Yesterday, Sareb, the Spanish management company for assets arising from the reorganisation of the Spanish banking sector, achieved another of the milestones on its agenda when its current shareholders and new investors subscribed to Sareb’s subordinated debt offer. This means that the total contribution from investors (share capital and debt) now stands at €3.82bn, with Sareb achieving its own-funds target of 25% share capital and 75% subordinated debt.
The 20 companies and institutions that already held stakes in Sareb through the provision of direct capital have now been joined by two insurance companies, Asisa and Mutua Pelayo, which will be exclusively involved in acquiring subordinated debt.

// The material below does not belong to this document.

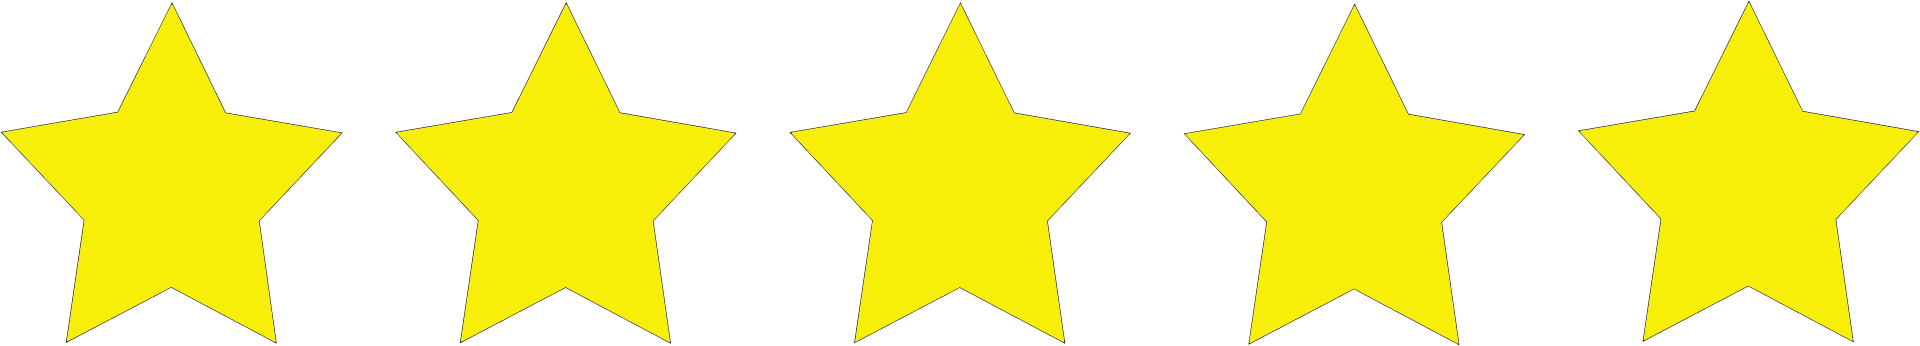 5 Звезд. Пять звезд картинка. 5 Звезд вектор. 5 Звезд PNG. Звезда пятерка

Private investors will hold 55.57% of the total amount of subordinated debt subscribed in the first phase, while 44.43% will be held by the FROB, the government body responsible for restructuring the Spanish banking sector. This means that Sareb has met the objective set out in Spanish legislation (Law 9/2012) of having a majority of private investors and international shareholders.

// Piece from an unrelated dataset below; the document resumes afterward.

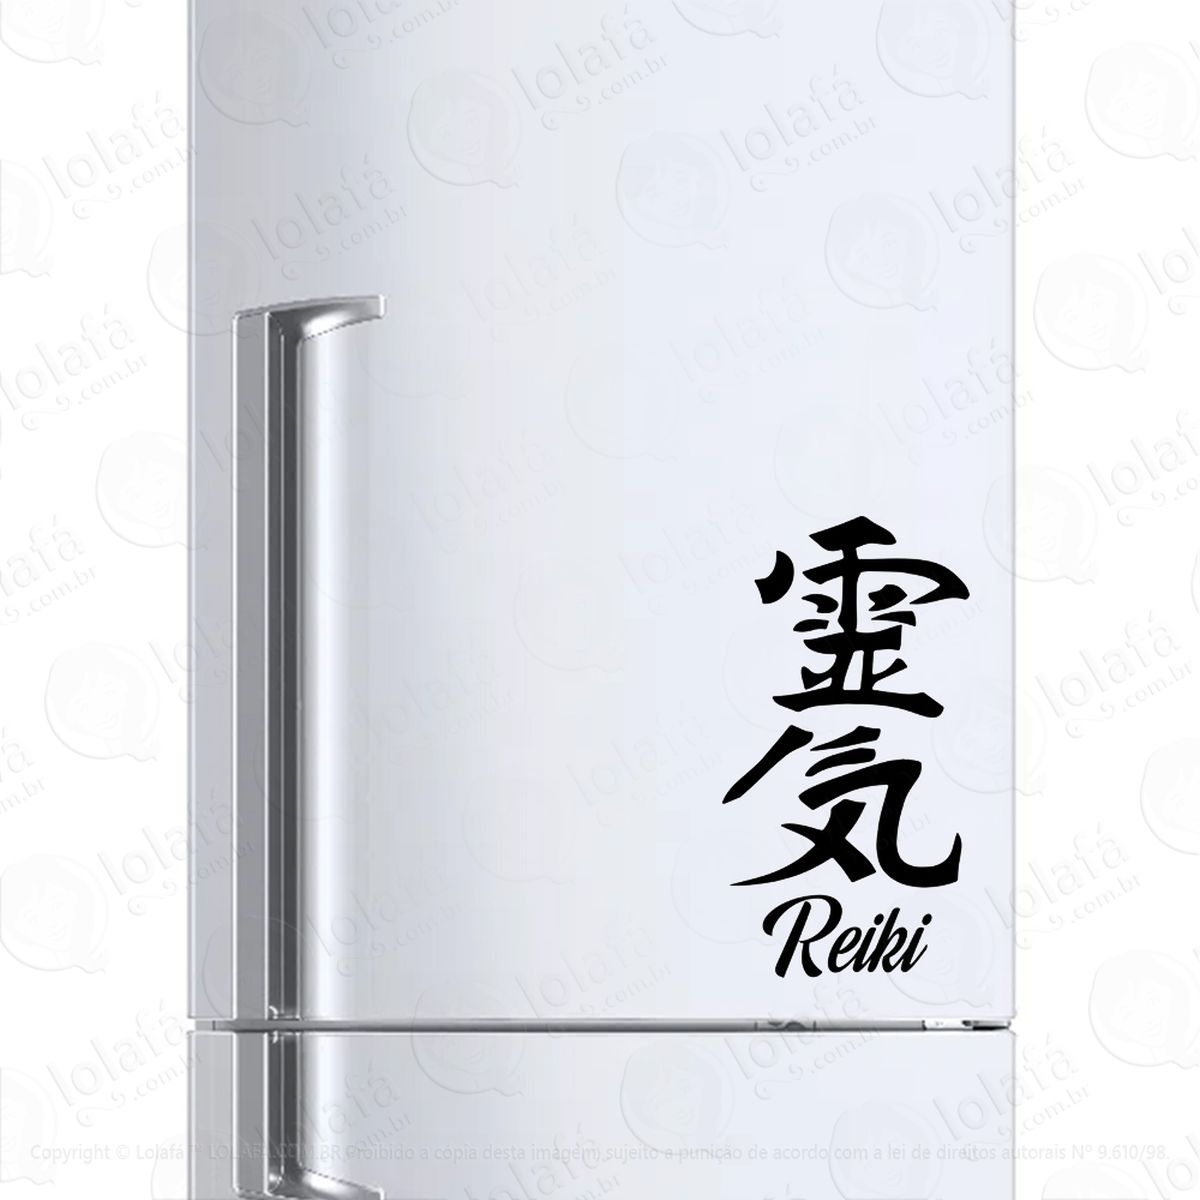 adesivo de geladeira reiki mod:6533

Santander and Caixabank, two of the main players in the Spanish financial market, are the largest private subscribers to the subordinated debt issue, with 17.12% and 12.37%, respectively, and are also the main private investors in the company as a whole. Banco Sabadell, Banco Popular and Kutxabank (subscribing 6.81%, 5.87% and 2.62%, respectively) are the next-largest private investors by volume of debt subscribed in the issue. The subordinated debt will be allocated as follows:
BFA-Bankia, with 61%, has the largest share of the government-backed senior debt issued by Sareb to exchange for the assets scheduled to be received from the nationalised banks on 31 December 2012. Catalunya Banc and Novagalicia Banco-Banco Gallego are next with 18% and 16%, respectively, while Banco de Valencia holds 5%.
Once this second milestone has been completed, Sareb will continue its start-up and consolidation process. As stated above, 31 December is the effective date of the real estate asset transfer by the nationalised Group 1 banks (Bankia, Novagalicia Banco-Banco Gallego, Catalunya Banc and Banco de Valencia) to Sareb, in line with the planned schedule.